Secours catholique
- Abbreviation: SCCF
- Established: 8 September 1946
- Founder: Jean Rodhin and Assembly of Cardinals and Archbishops of France
- Type: Nonprofit
- Headquarters: 106 rue du Bac
- Location: Paris, France;
- Coordinates: 48°51′23″N 2°19′35″E﻿ / ﻿48.856389°N 2.326389°E
- Origins: Catholic Social Teaching
- Region served: France and worldwide
- Fields: social work, social policy, humanitarian aid
- President: Véronique Devise
- Main organ: General assembly and Board of directors
- Affiliations: Caritas Europa, Caritas Internationalis
- Revenue: 147 million € (2022)
- Expenses: 154 million € (2022)
- Staff: 900 (2024)
- Volunteers: 58,000 (2024)
- Website: www.secours-catholique.org

= Secours catholique =

French Catholic social aid organisation

Secours Catholique (French for ), also known as Secours Catholique – Caritas France, is a French not-for-profit organisation. It works to alleviate problems of poverty and exclusion of all sections of the population and seeks to promote social justice. Secours catholique is a service of the Catholic Church in France.

It is a member of both Caritas Europa and Caritas Internationalis.

== History ==

Secours Catholique was established in 1946 on the occasion of the Lourdes pilgrimage, with the return of 100,000 prisoners and deportees. It was founded by the French priest Jean Rodhain, former chaplain to prisoners of war, with the approval of the Assembly of Cardinals and Archbishops of France. His goal was to work with volunteers to support persons experiencing poverty without distinction of race, religion or nationality. In 1954, the organisation created its first Cité providing accommodation for workers from the Maghreb. Later, many other such establishments were created for people in precarious situations, the homeless, disabled people and migrants.

In 1962, Secours Catholique received reconnu d'utilité publique status which brought with it certain advantages related to donations.

In the 1970s and 1980s, in the context of rising unemployment and new precariousness, Secours Catholique urged the public authorities to initiate social justice policies to combat the causes of poverty.

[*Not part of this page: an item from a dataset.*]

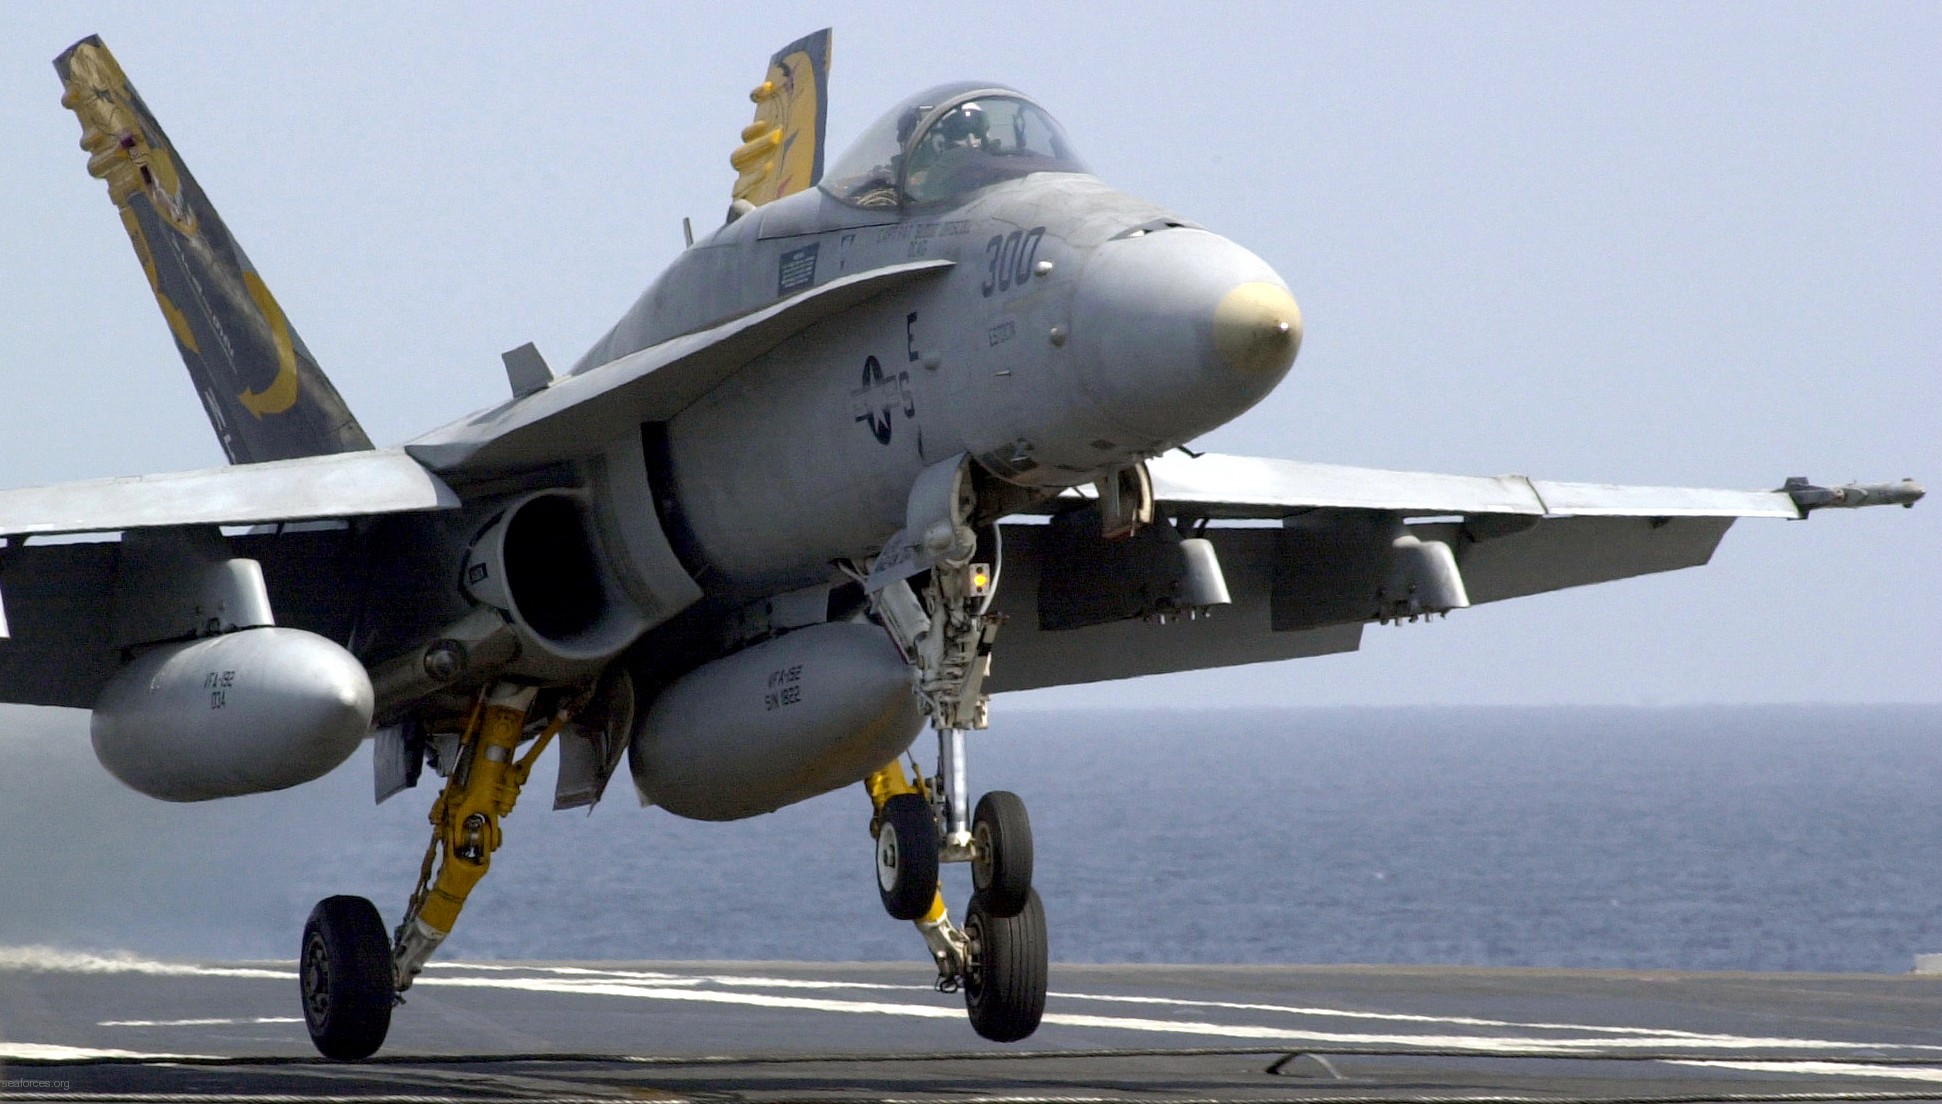 vfa-192 golden dragons strike fighter squadron navy f/a-18c hornet carrier air wing cvw-5 uss kitty hawk cv-63 82

Since then, the organisation has also provided national and international support to the people impacted by large scale emergencies in France and abroad, including to the victims of the 2004 Indian Ocean tsunami, the 2010 Haiti earthquake, the most vulnerable persons impacted by the COVID-19 pandemic in France and the Ukrainian refugees arriving in France after the 2022 Russian invasion of Ukraine.

== Structure and work ==

In France, Secours Catholique covers the whole country through its 3,500 local teams divided into 72 local offices called delegations. It carries out its activities with the help of 900 employees and 59,000 volunteers.

In addition to its work in France, Secours Catholique also work internally by supporting the development cooperation and humanitarian relief efforts of its partner organisations around the world. The organisation is one of the NGO partners of DG ECHO.